Hunter was actually the first ever recipient of the PFA Player of the Year award in 1974, but it's unlikely his strong-arm tactics would garner so much respect among his fellow professionals in the 21st century.
The former Manchester United winger is one of the most naturally talented players ever to grace the English league.
His party lifestyle meant he was probably the first footballer to be as famous for his exploits off the field as on them, both of which were legendary even by today's standards.
However, turning up for games half an hour before kick-off still half-cut from the previous night just simply would not cut it in today's game.
Football historians regard Lang as one of the first professional footballers (as recorded here by the IFFHS), as he was seemingly brought down to Sheffield from Scotland with the sole intention of playing football for the city's club rather than working a proper job.
Lang managed to achieve this despite losing the sight in one eye several years earlier during an accident in a Glasgow shipyard.
The closest modern equivalent may be Gennaro Gattuso, the veteran Italian midfielder who completed his final season at AC Milan last term after losing the sight in one eye, but that was at the end of his career.
Much like his contemporary at Leeds, Norman Hunter, Chelsea stalwart Ron Harris was not just known for his rough behaviour, but celebrated for it.
Back in a time when what would be a red-card offence today would warrant a booking and a modern-day booking would be seen as an honest challenge, Harris was given free rein to hack to his heart's content.
The man's nickname of "Chopper" was well earned, but such behaviour would see him almost permanently suspended nowadays.
One of the greatest players of the Premier League era. Certainly the greatest goalscorer, as his 260 goals in the competition will attest.

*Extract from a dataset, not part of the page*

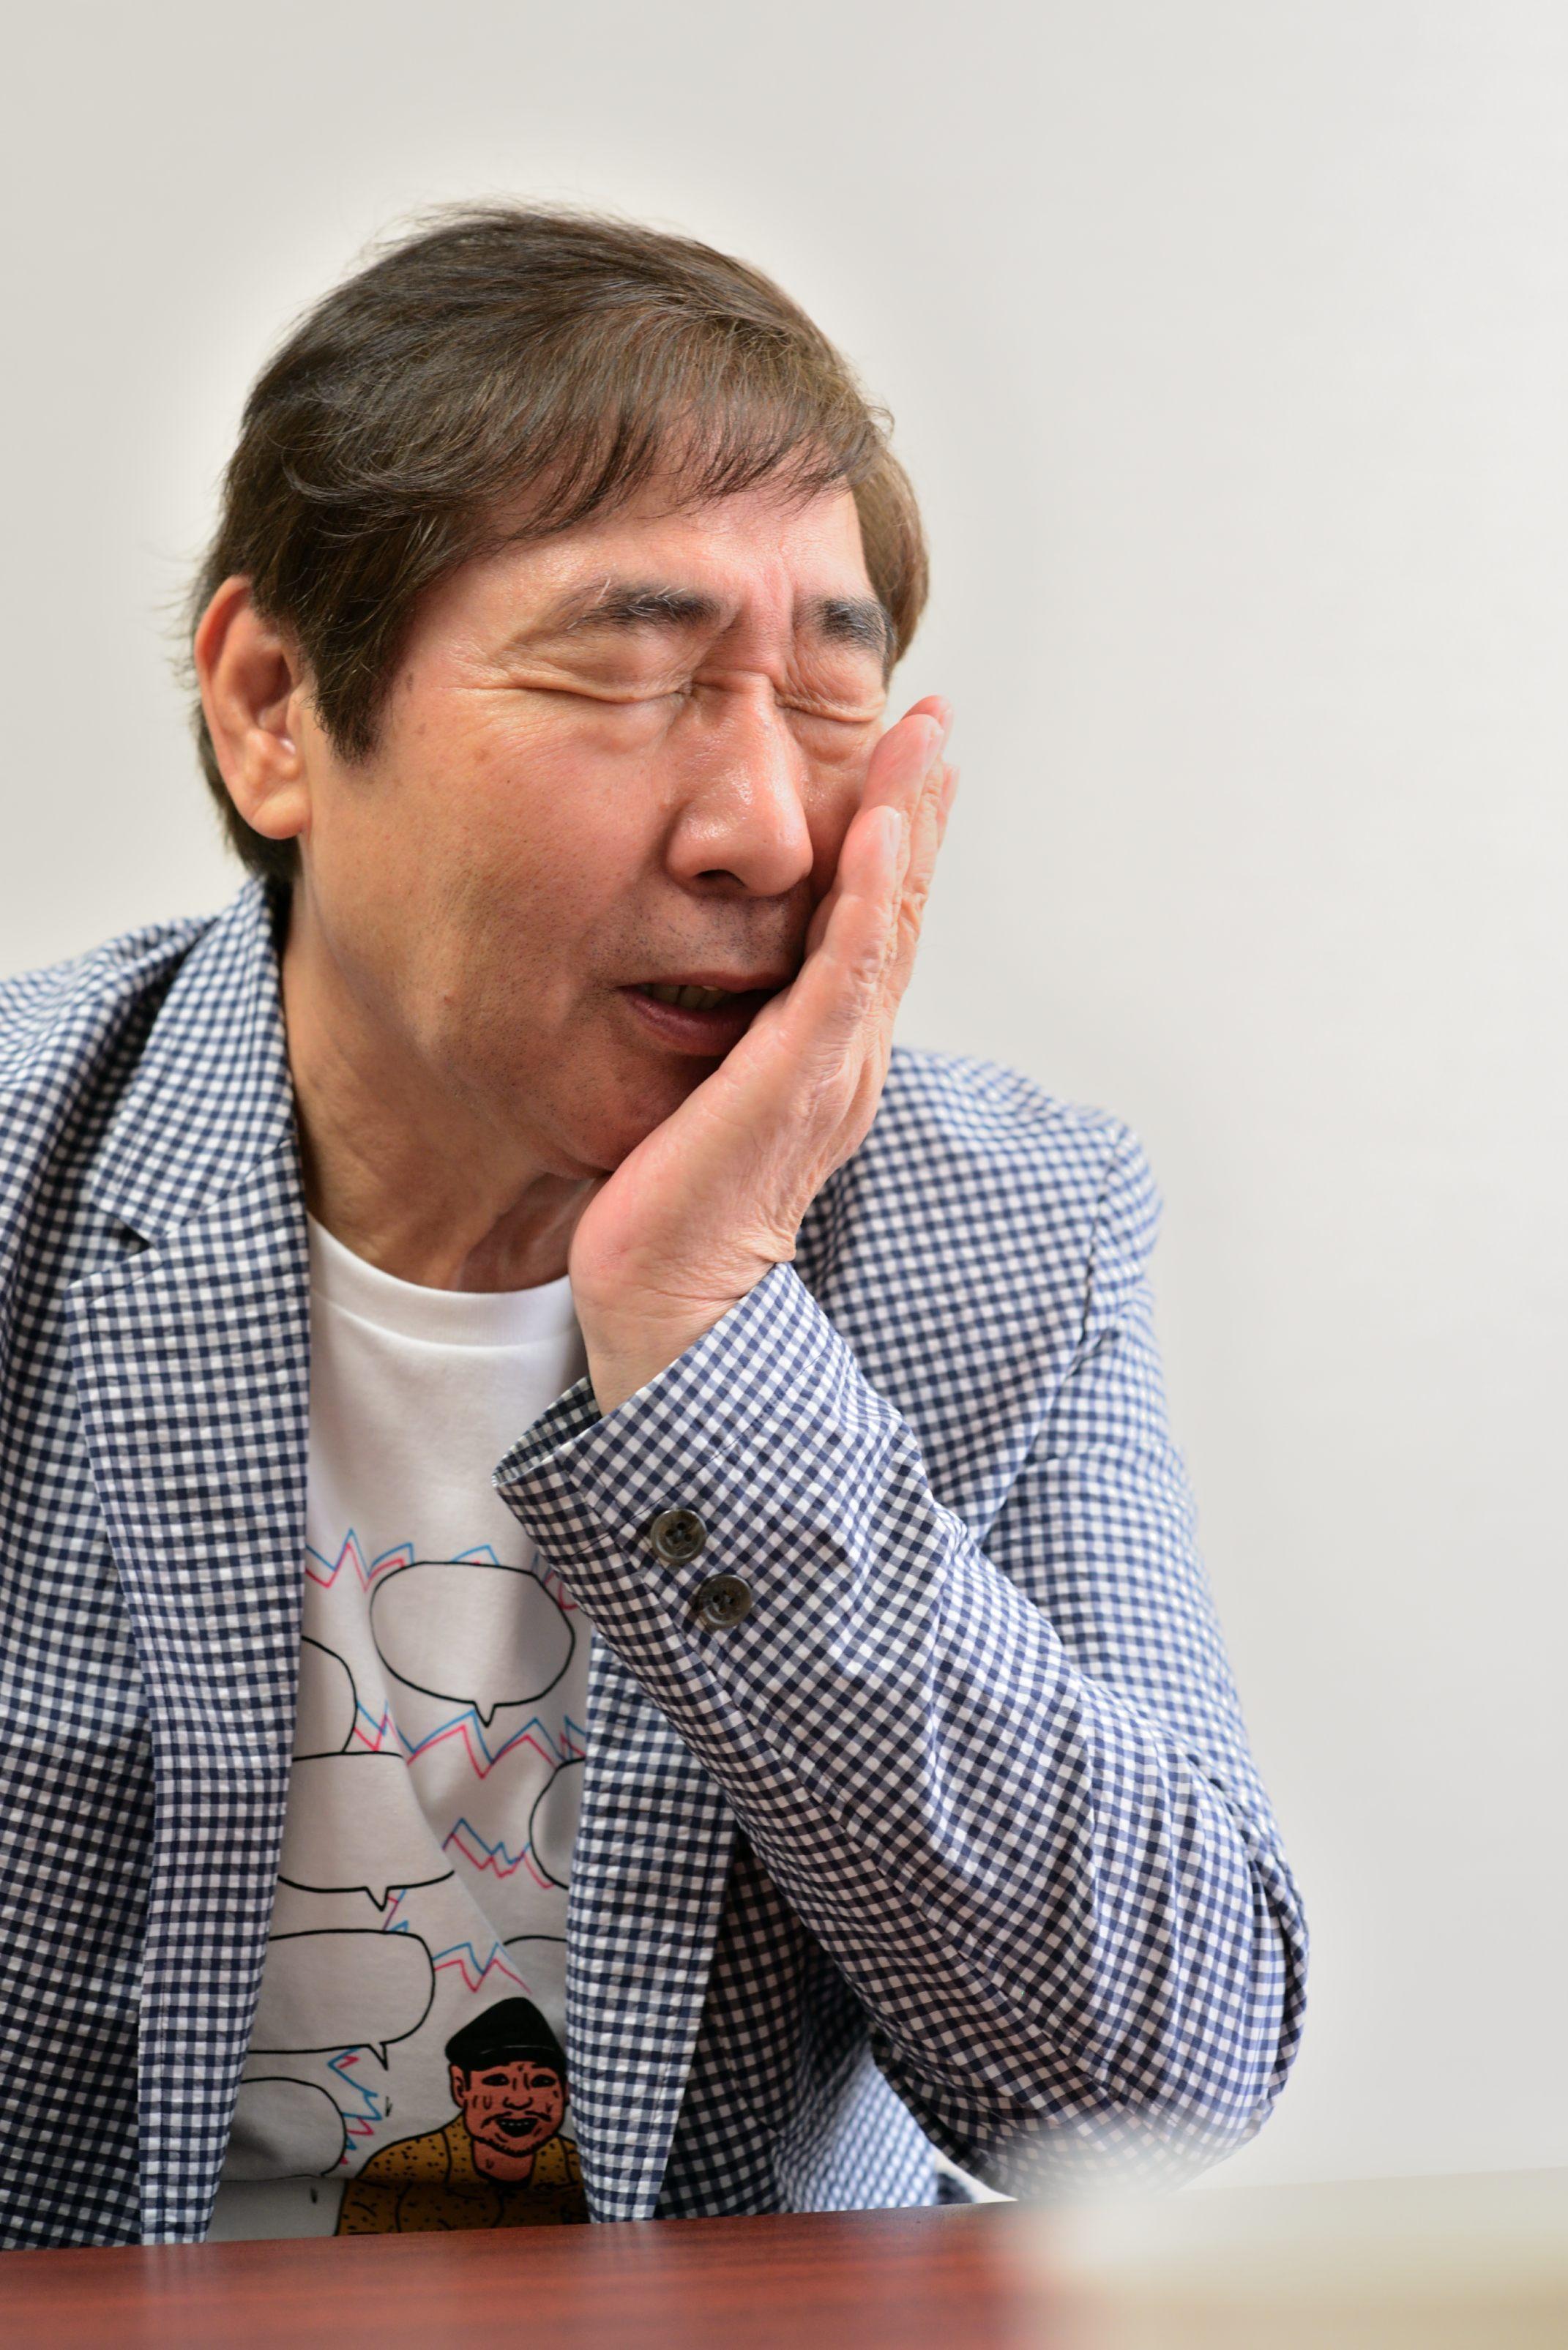 蛭子流結婚のススメ①「競馬場もひとりで行くと寂しい」

But what is so easily forgotten about the former Blackburn and Newcastle striker is how liberal he was with the use of his elbows when combating opponents, especially in the air, which was a large part of his game.
His status as the most expensive player in England and that of being the nation's captain got him out of a few disciplinary scrapes, but even in the few intervening years since his retirement officials have begun to take a much dimmer view of such tactics.
Allan was a Scottish goalkeeper and played more than 400 times for Swindon Town in the 1970s and '80s.
So far, so normal.
But what made Allan stand out was that, as a devout Christian, he was the first known footballer to refuse to play a match on a Sunday, at a time when the vast majority of games still kicked off at 3pm on Saturday afternoon.
In today's environment in which television schedules demand that players will be called upon to feature in several "Super Sunday" fixtures over the course of a season, as well as virtually every other day of the week at some point, such a stance would be impossible.
Routinely lauded as one of the best players never to win the World Cup, Socrates was so much more than a footballer.
The Brazilian was a highly intelligent thinker, activist and a fully qualified medical doctor, but in spite of that he was a heavy smoker and drinker, habits which led to his sad demise late last year.
His superior brain power and his chronic vices offer not one, but two reasons why he would not have made it as a modern footballer.
Of the two Charlton brothers who won the World Cup for England in 1966, one of them, Bobby, was as elegant and a gentlemanly a player as you could ever have wished to have seen.
His big brother, "Wor Jackie", wasn't.
While Bobby was a goalscoring midfielder and one of the finest footballers England ever produced, Jack spent his entire career at Leeds during an era when they were one of the most notoriously rough teams of all time.
Norman Hunter's reputation may have endured, but Jack was just as uncompromising.
Not exactly a name which resonates among most football fans around the world, but Desnica will be remembered by most fans of a certain age in the former Yugoslavia.
The forward, who played throughout the 1980s and even scored on his only appearance for his country, was born deaf, something that any modern-day footballer would have to be pretty talented to transcend if they wanted to have a career at the top level.